W.Sz.: Pan minister zapewne nie będzie chciał wchodzić w szczegóły tej sprawy i będzie nas odsyłał do prokuratorów łódzkich, natomiast my będziemy naciskać, żeby zajął stanowisko w sprawach mafii węglowej, które zostały już zakończone. On w tej sprawie stanowisko powinien zająć pozytywne. Takie jest moje odczucie. Jeśli jest inaczej, to oczekujemy, posłowie PiS-u oczekują od ministra, od prokuratorów szczegółowych, podania szczegółowych przyczyn, dlaczego nie chcą odtajnić akt.

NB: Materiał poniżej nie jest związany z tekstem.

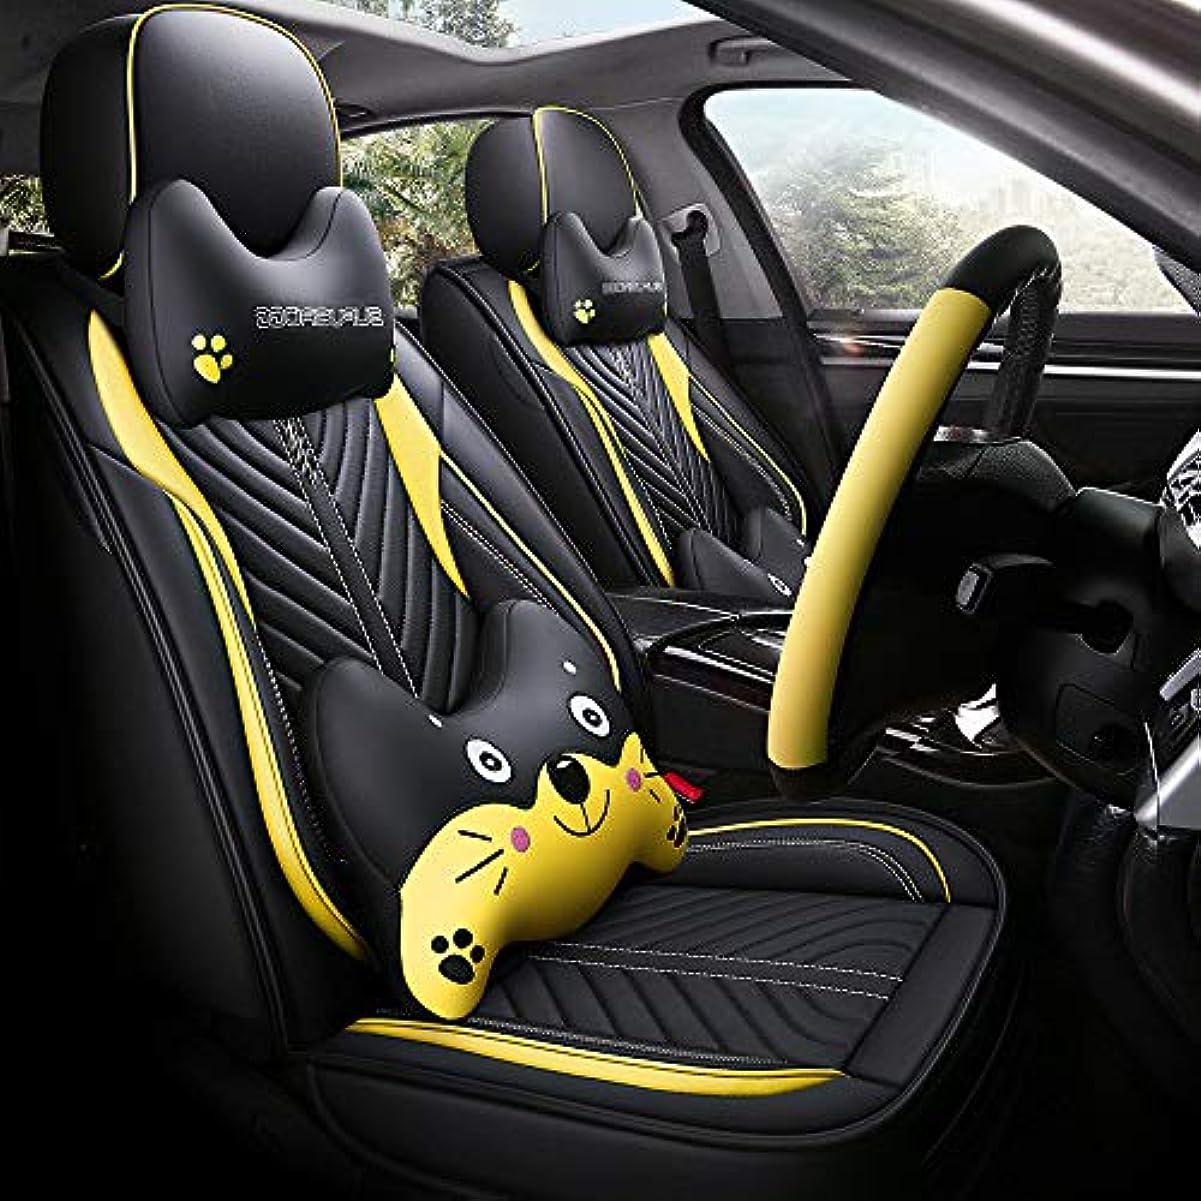 裏切り屋内で適応するカーシートカバー車用シートカバーPUレザーとリネンフォーシーズンカーシートクッション/ 5席通気性ヘッドレスト&ウエストクッションパッド (Black Yellow,Cartoon Edition)
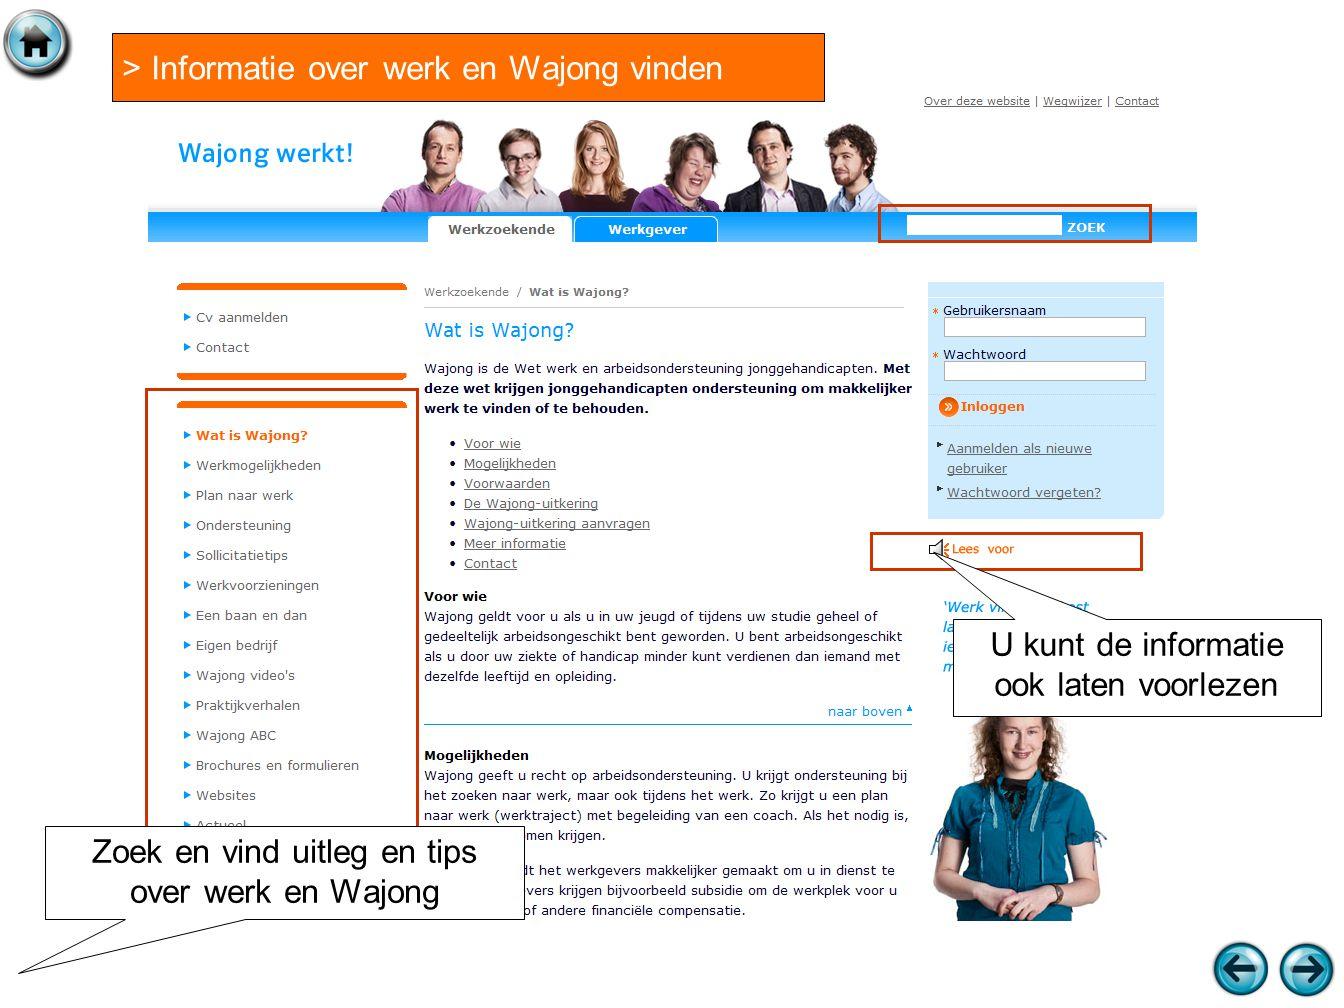 > Informatie over werk en Wajong vinden Zoek en vind uitleg en tips over werk en Wajong U kunt de informatie ook laten voorlezen

T.T.: Jeżeli chodzi o mafię węglową, no to generalnie pozostali członkowie komisji odpowiadają: „to nie jest komisja śledcza w sprawie afery węglowej, tylko w sprawie Barbary Blidy”.

W.Sz.: No, tutaj jednak zdołaliśmy tych pozostałych członków komisji przekonać, no bo to są zupełnie logiczne argumenty. Jeśli mamy się zastanawiać, dlaczego ktoś został aresztowany, no to musimy znać motywację prokuratorów, którzy chcieli dokonać zatrzymania. O aresztowaniu... tutaj się przejęzyczyłem, bo o aresztowaniu musiał tutaj decydować sąd, tak że w tym przypadku mamy do czynienia z koniecznością zbadania tego materiału dowodowego, który przyczynił się do tego, że chciano postawić Barbarze Blidzie zarzuty.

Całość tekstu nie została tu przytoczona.